Fourth, besides a total score, four subscales were included to index history of abuse: emotional neglect, emotional abuse, physical abuse, and sexual abuse/harassment. All subscales were hypothesized to correlate with global and subfield hippocampal volume. Although only one subscale (emotional neglect) was significantly associated, the authors concluded that ‘traumatization’ had a detrimental effect on hippocampal volume. This is an unbalanced and overgeneralized representation of the findings. Moreover, the results in the current paper are inconsistent with previous analyses on (parts of) the same data that showed an absence of significant association between the left and right CA1 region and emotional neglect but correlations with other subscales of this trauma scale (e.g. sexual abuse, physical neglect) and with other subregions of the hippocampus (e.g. left CA2-3, left CA4-DG) (e.g. Chalavi et al., Reference Chalavi, Vissia, Giesen, Nijenhuis, Draijer, Barker and Reinders2015a, Reference Chalavi, Vissia, Giesen, Nijenhuis, Draijer, Cole and Reinders2015b). In sum, a clear conclusion on the association between trauma history and hippocampal (sub)region volume based on these data seems unwarranted.

Finally, the quest to find a biomarker in the form of structural brain damage is incompatible with the mere nature of dissociative amnesia. The DSM-5 emphasizes that dissociative amnesia differs from permanent amnesia that occurs due to neurobiological damage or toxicity preventing memory storage or retrieval. The critical difference is that dissociative amnesia is always potentially reversible because the memory has been successfully stored (p. 298). It is precisely for this reason that neuroimaging techniques have been used to exclude structural brain damage in the diagnosis of dissociative amnesia (e.g. Brand et al., Reference Brand, Eggers, Reinhold, Fujiwara, Kessler, Heiss and Markowitsch2009). The reversible nature of dissociative amnesia is even more evident in patients with DID. Patients with DID report state-dependent changes in conscious access to neutral and trauma-related experiences in different identity states which may fluctuate rapidly in time. This reported controlled reversible state-dependency of dissociative amnesia seems incompatible with a claim of structural brain damage as a biomarker in DID.
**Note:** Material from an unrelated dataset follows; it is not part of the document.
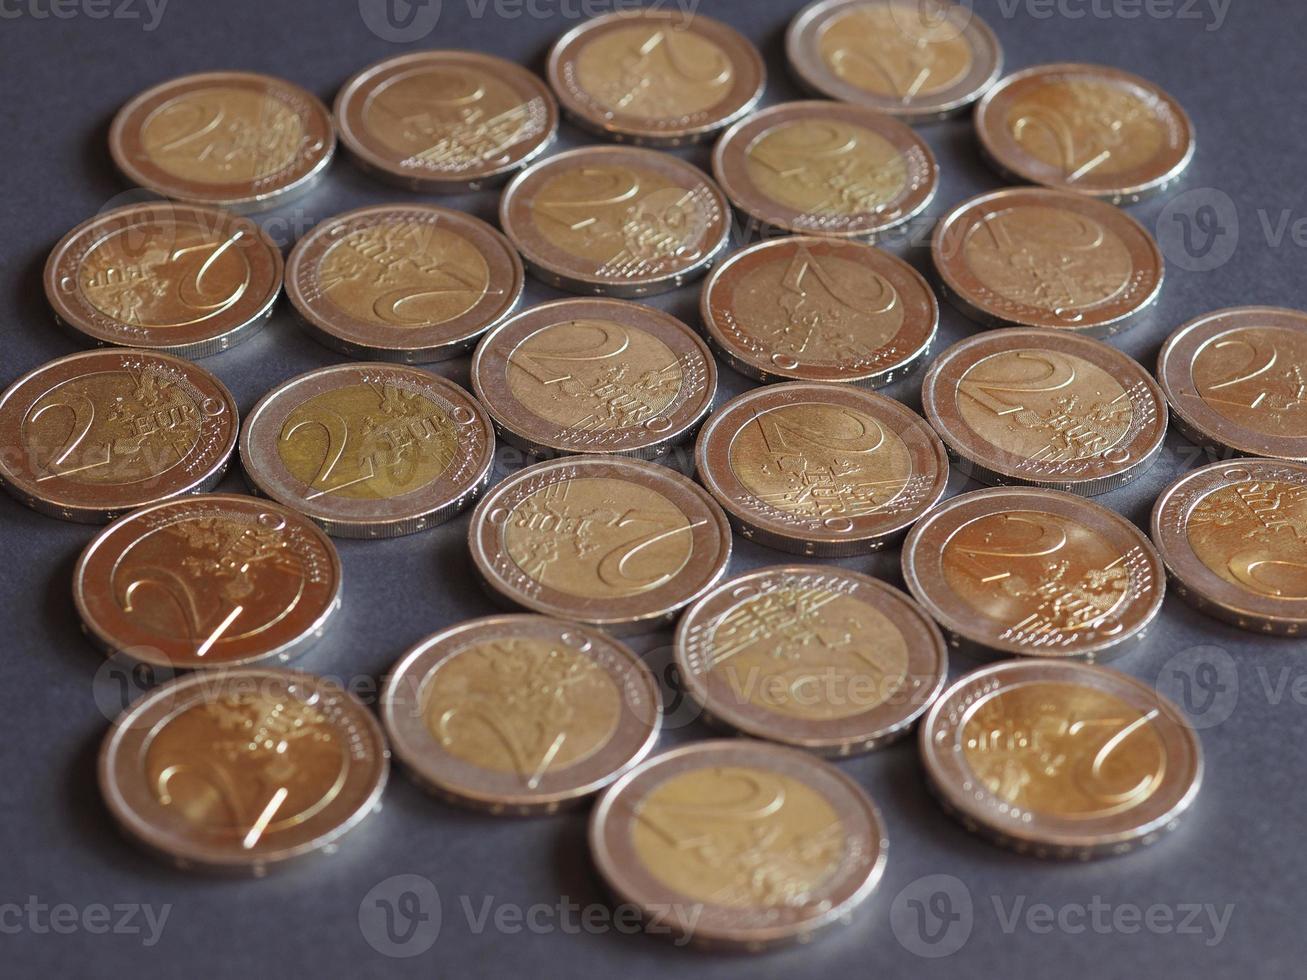 2 moedas de euro, união europeia foto
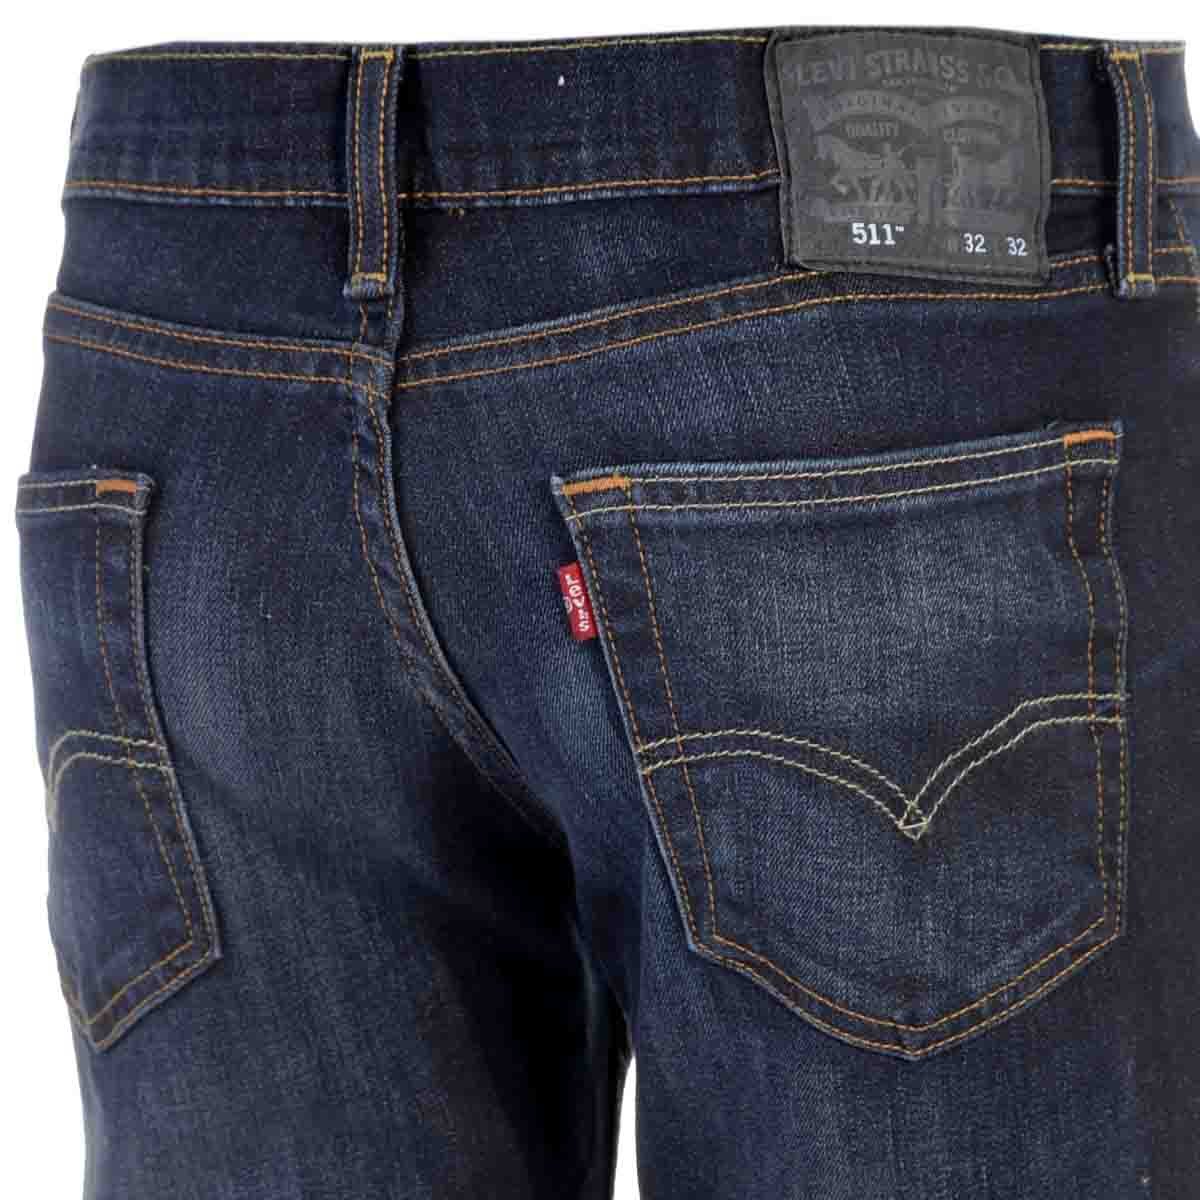 Levi's 511 Slim Fit Jeans Modelo Elo45111390 Talla Plus para Hombre

In sum, the conclusion that ‘the volume of CA1 can serve as a biomarker for dissociative amnesia’ (p. 5) is overstated and unjustified. Not only has it been argued recently that the conclusion of most published studies seeking biomarkers for behavioral traits might be wrong (Marek et al., Reference Marek, Tervo-Clemmens, Calabro, Montez, Kay, Hatoum and Dosenbach2022), we also question the need for assuming the existence of a special mechanism like dissociation that is supposed to banish traumatic memories from conscious awareness. Alternative explanations for self-reported dissociative amnesia have recently been forwarded. One such explanation suggests that reports of dissociative amnesia may result from dysfunctional beliefs fueled by avoidance of the realization of negative events from the past. Examples include beliefs like ‘I would lose control of my life if I allowed myself to remember painful things that happened to me’. An index of these dysfunctional beliefs showed strong associations with reported dissociative symptoms (Huntjens et al., Reference Huntjens, Dorahy, Read, Middleton and van Minnen2022). Conceptualizing reports of dissociative amnesia as the result of dysfunctional beliefs about the self and one's memory functioning may be a way forward out of the controversy surrounding this disorder.